WORK TO BE COMPLETED -
Using the material below, print a verbatim copy of every line from the one containing "Magnificent hand-painted soup" through the one containing "Year: 2007.", inclusive, and omit the pictures.
====== INFORMATION PROVIDED ======
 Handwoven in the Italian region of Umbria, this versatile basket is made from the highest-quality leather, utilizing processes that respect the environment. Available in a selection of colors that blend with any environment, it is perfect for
======
====== INFORMATION PROVIDED ======
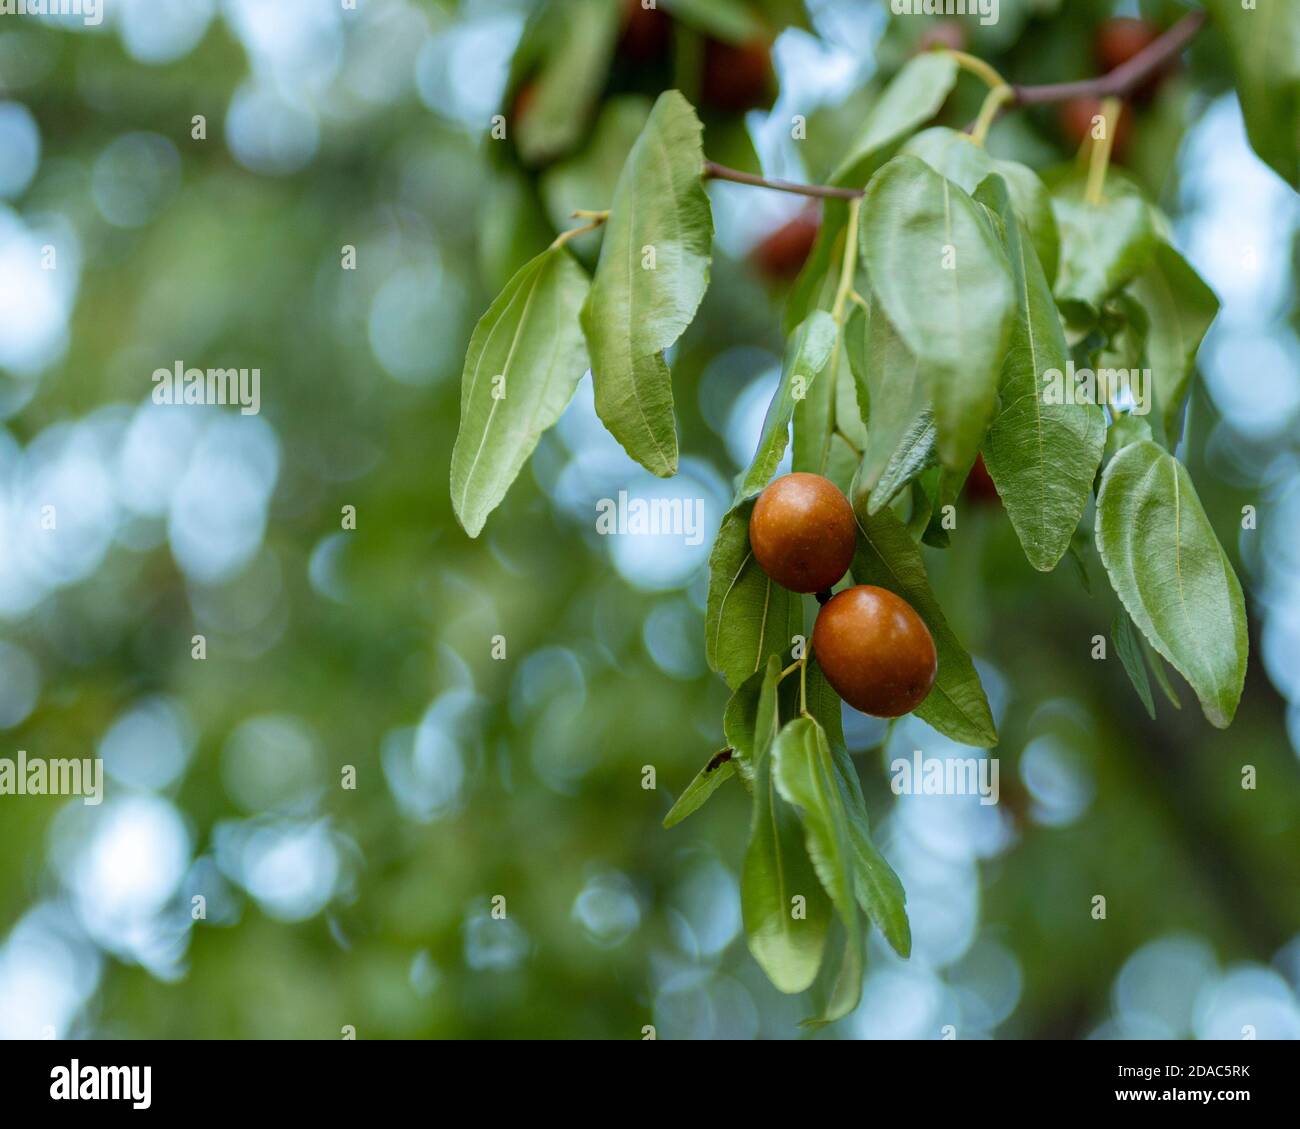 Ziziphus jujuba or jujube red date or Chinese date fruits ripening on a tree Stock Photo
======
====== INFORMATION PROVIDED ======
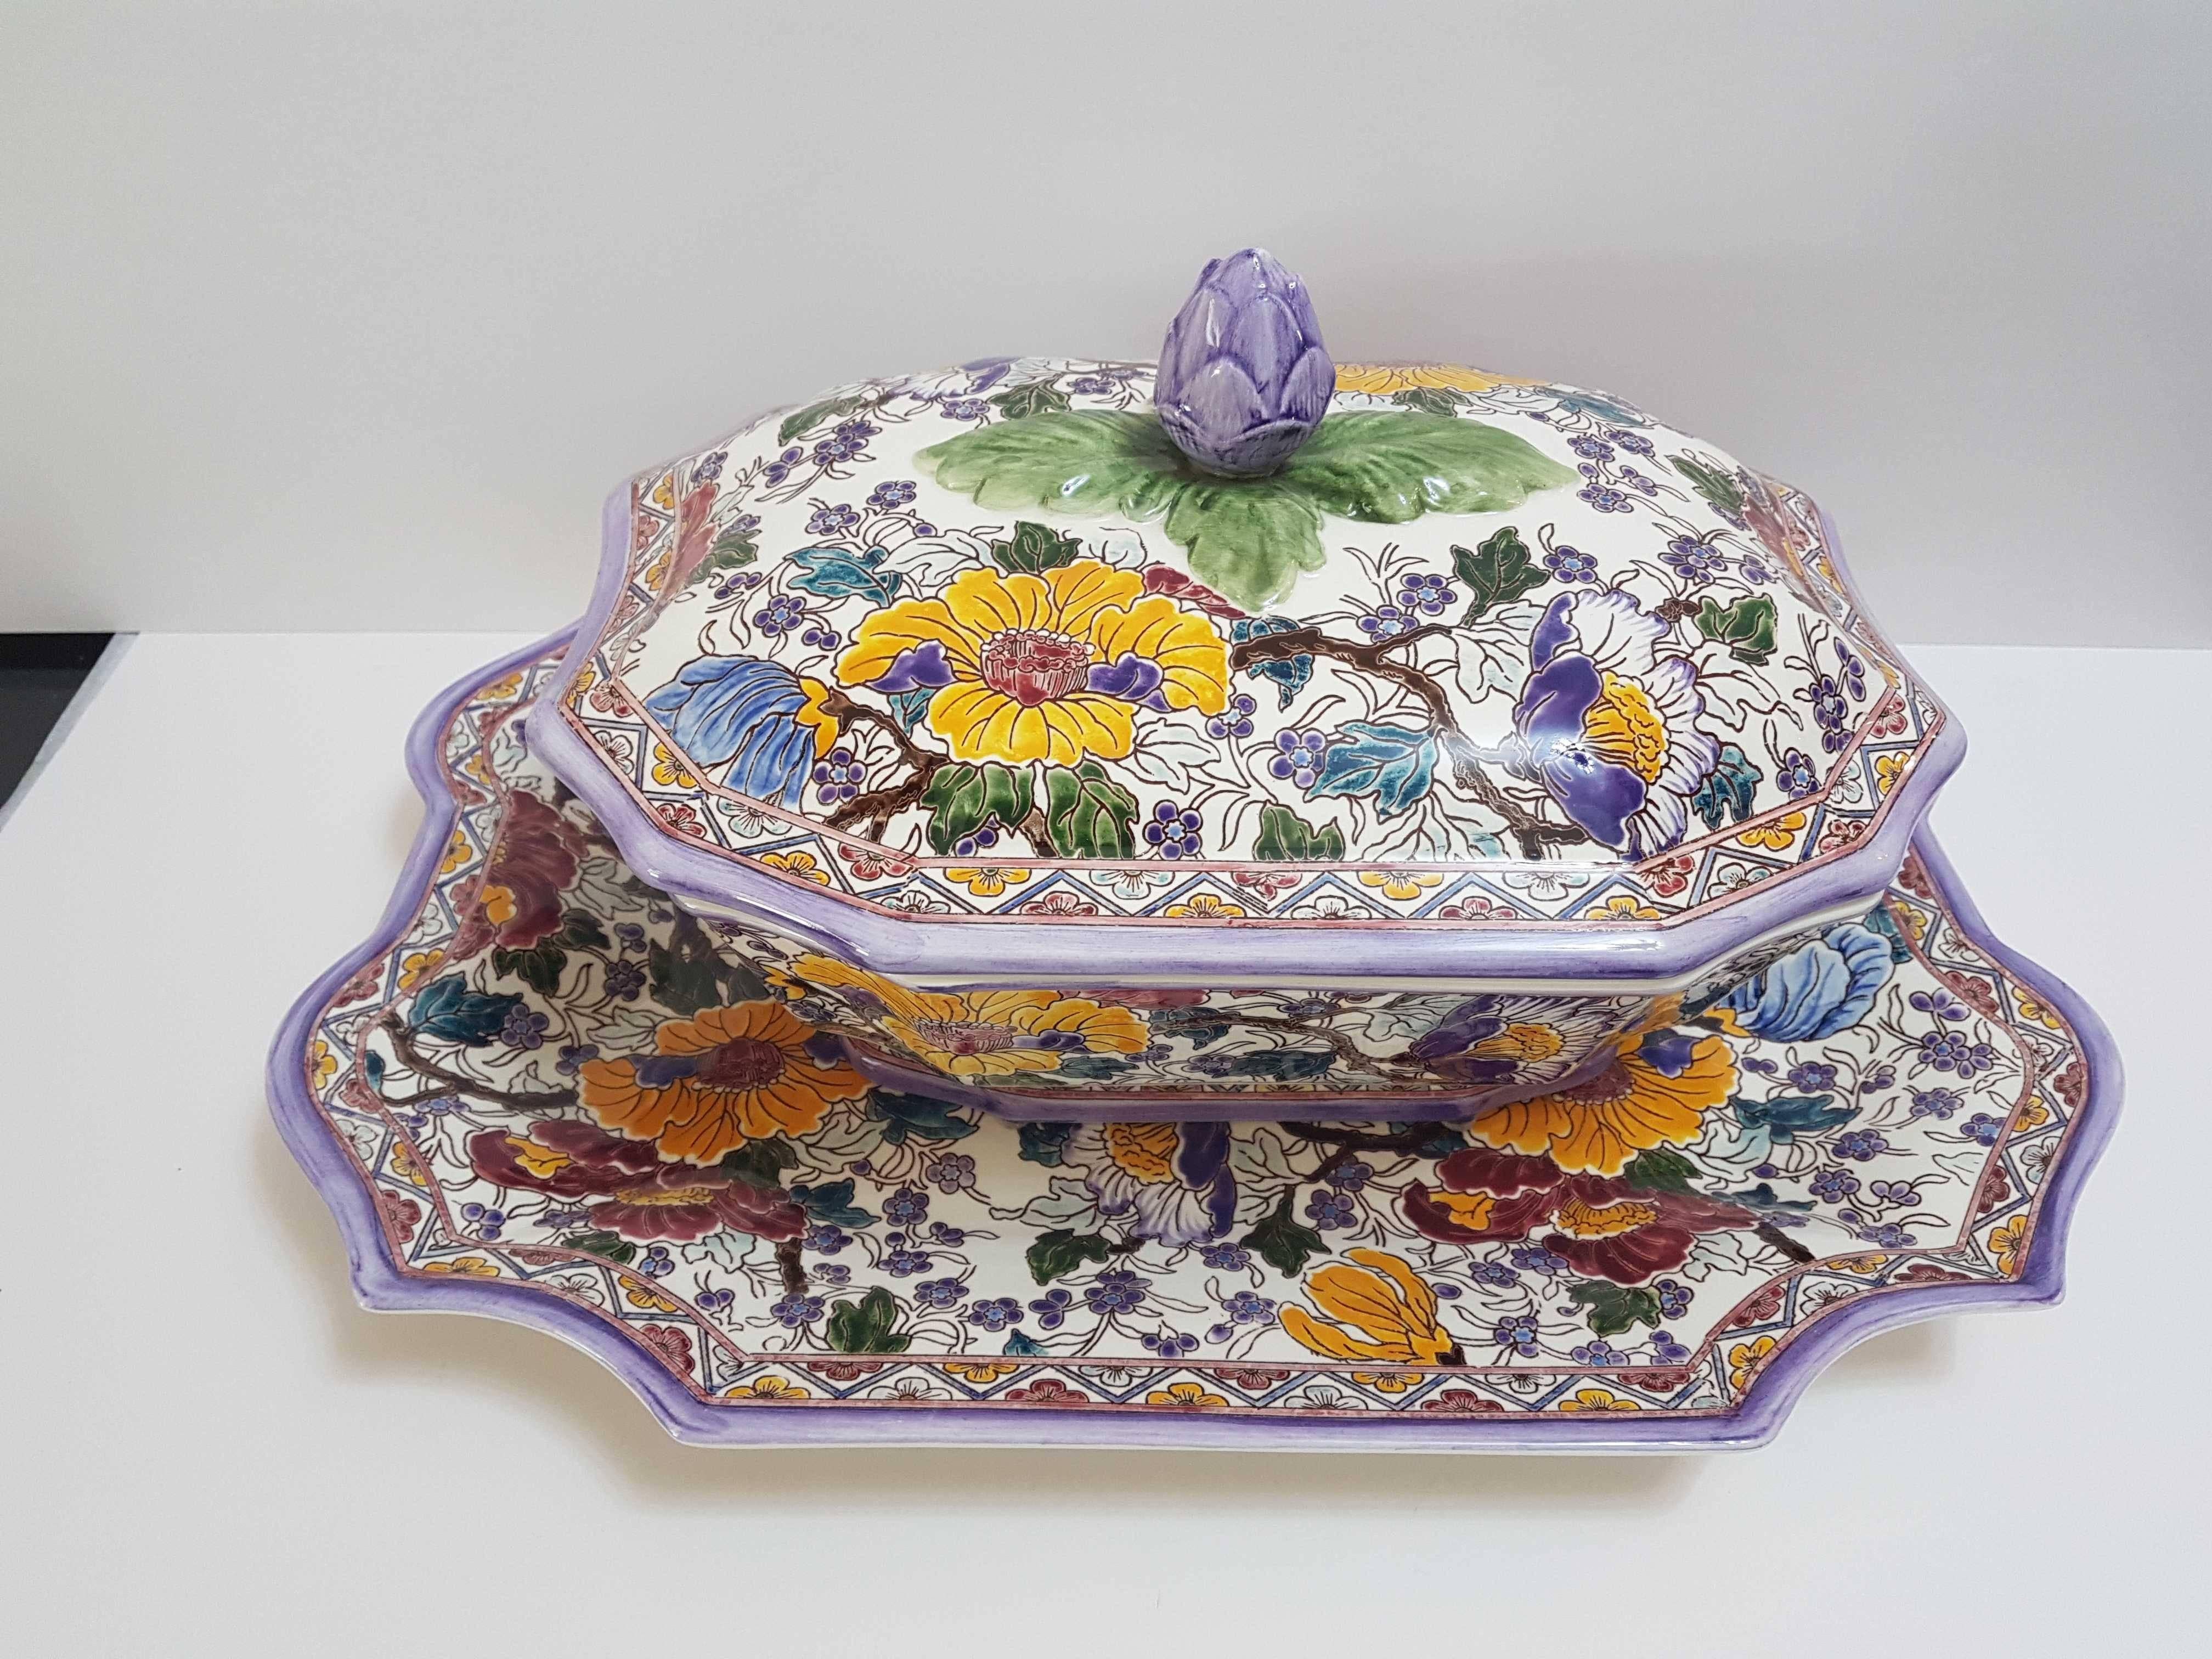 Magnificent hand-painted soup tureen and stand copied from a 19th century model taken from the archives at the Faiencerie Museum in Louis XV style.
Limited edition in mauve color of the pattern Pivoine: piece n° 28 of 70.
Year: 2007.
======
EXERCISE ANSWER -
 Magnificent hand-painted soup tureen and stand copied from a 19th century model taken from the archives at the Faiencerie Museum in Louis XV style.
Limited edition in mauve color of the pattern Pivoine: piece n° 28 of 70.
Year: 2007.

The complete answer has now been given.